Im März des Jahres 1828 wurde in Bremen ein Kriminalfall aufgedeckt, der die Stadt aufs tiefste und nachhaltigste erschüttern sollte und der in seiner Beispiellosigkeit in Deutschland, Europa und Übersee ungeheures Aufsehen erregte: Gesche Gottfried vergiftete von 1813 bis 1827 fünfzehn Menschen, darunter ihre Kinder, Eltern und Ehemänner. Mindestens neunzehn weiteren Personen gab sie wiederholt Gift in nichttödlicher Dosis. Am 6. März 1828 wurde Gesche Gottfried verhaftet. Nach dreijähriger Gefangenschaft wurde Gesche Gottfried am 21. April 1831 in Bremen öffentlich durch das Schwert hingerichtet. "Die Verhöre der Gesche Gottfried" wurde von Peer Meter aus den original Verhörprotokollen von 1828 dramaturgisch zu einem "Kammerspiel des Grauens" komponiert. Dabei kommen sowohl der offizielle Ermittler Senator Droste im intensiven Gespräch mit Gesche Gottfried als auch Befrager aus der Justiz (der doppelzüngige Verteidiger Voget) und inquisitorisch anmutende kirchliche Vertreter zu Wort. Aussagen aus dem Bremer Bürgertum ergänzen das grausame Bild einer psychisch kranken Frau, über die die Gesellschaft von der Furcht vor sich selbst getrieben ihr gnadenloses Urteil spricht.
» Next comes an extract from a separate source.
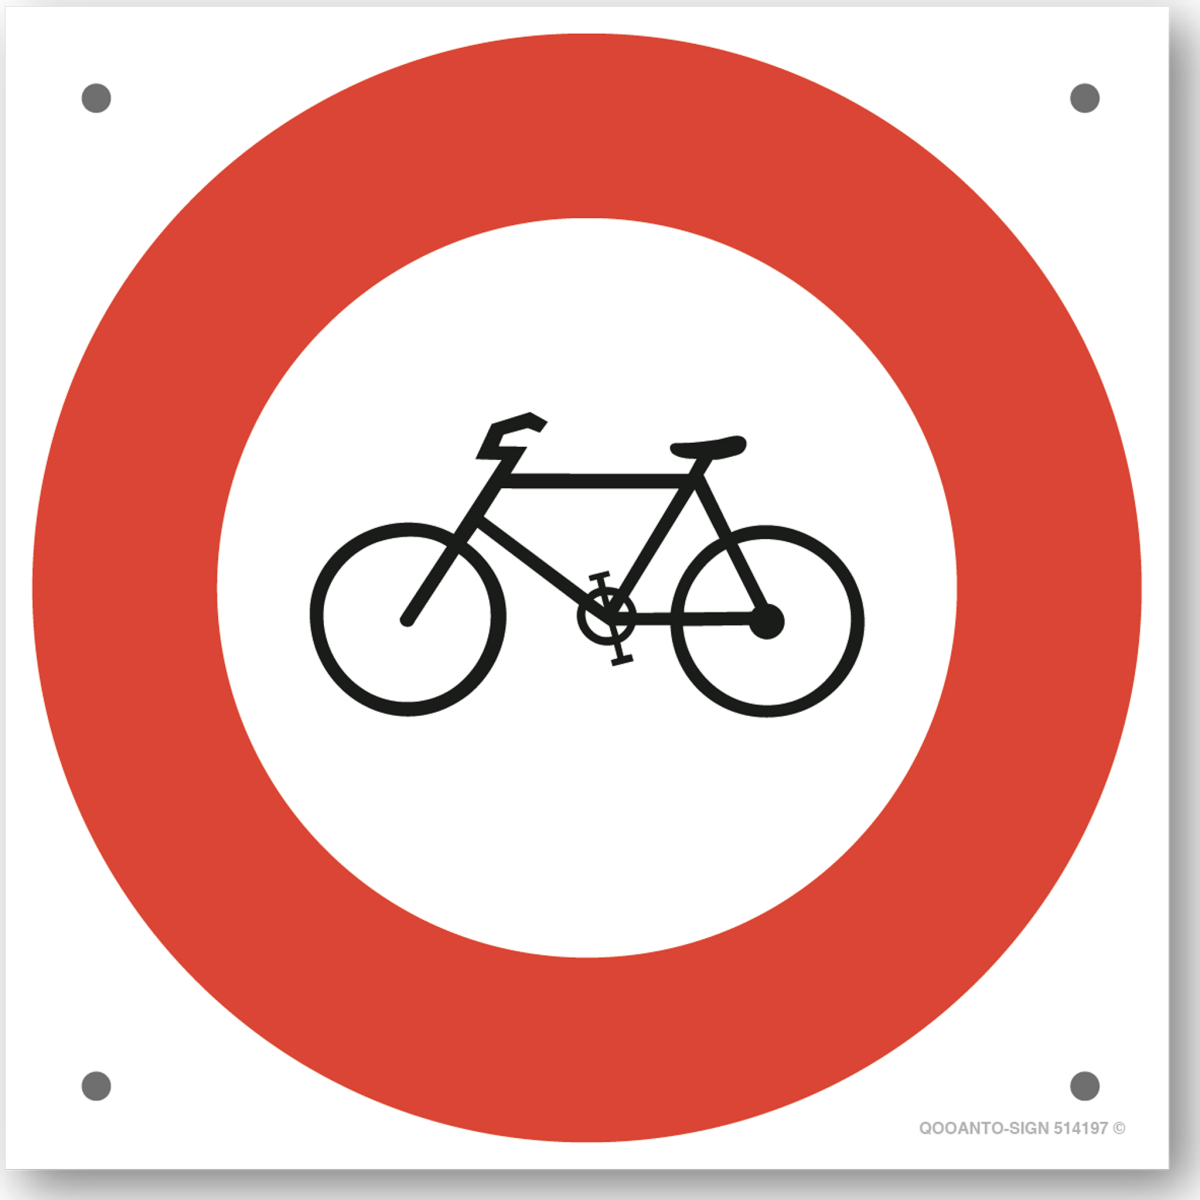 Verbot Für Fahrräder Und Motorfahrräder Verkehrsschild oder Aufkleber aus Alu-Verbund oder Selbstklebefolie mit UV-Schutz - QOOANTO-SIGN

Die Dramaturgie setzt dabei vor allem auf das innere Drama, weniger auf äußere Effekte. Dem Publikum, das bei den Verhören quasi Mäuschen spielt, obliegt es selbst, über den Fall Gesche nachzudenken und gegebenenfalls zu urteilen. Die Verhöre bieten dabei unkommentiert Einblicke, Fakten, Merkwürdigkeiten, Menschlichkeiten, Unmenschlichkeiten, Irrsinn, Wahn, Affekte, Pein, Zwang, Angst, und vieles mehr, was die dunkle Seite des Lebens zu bieten hat.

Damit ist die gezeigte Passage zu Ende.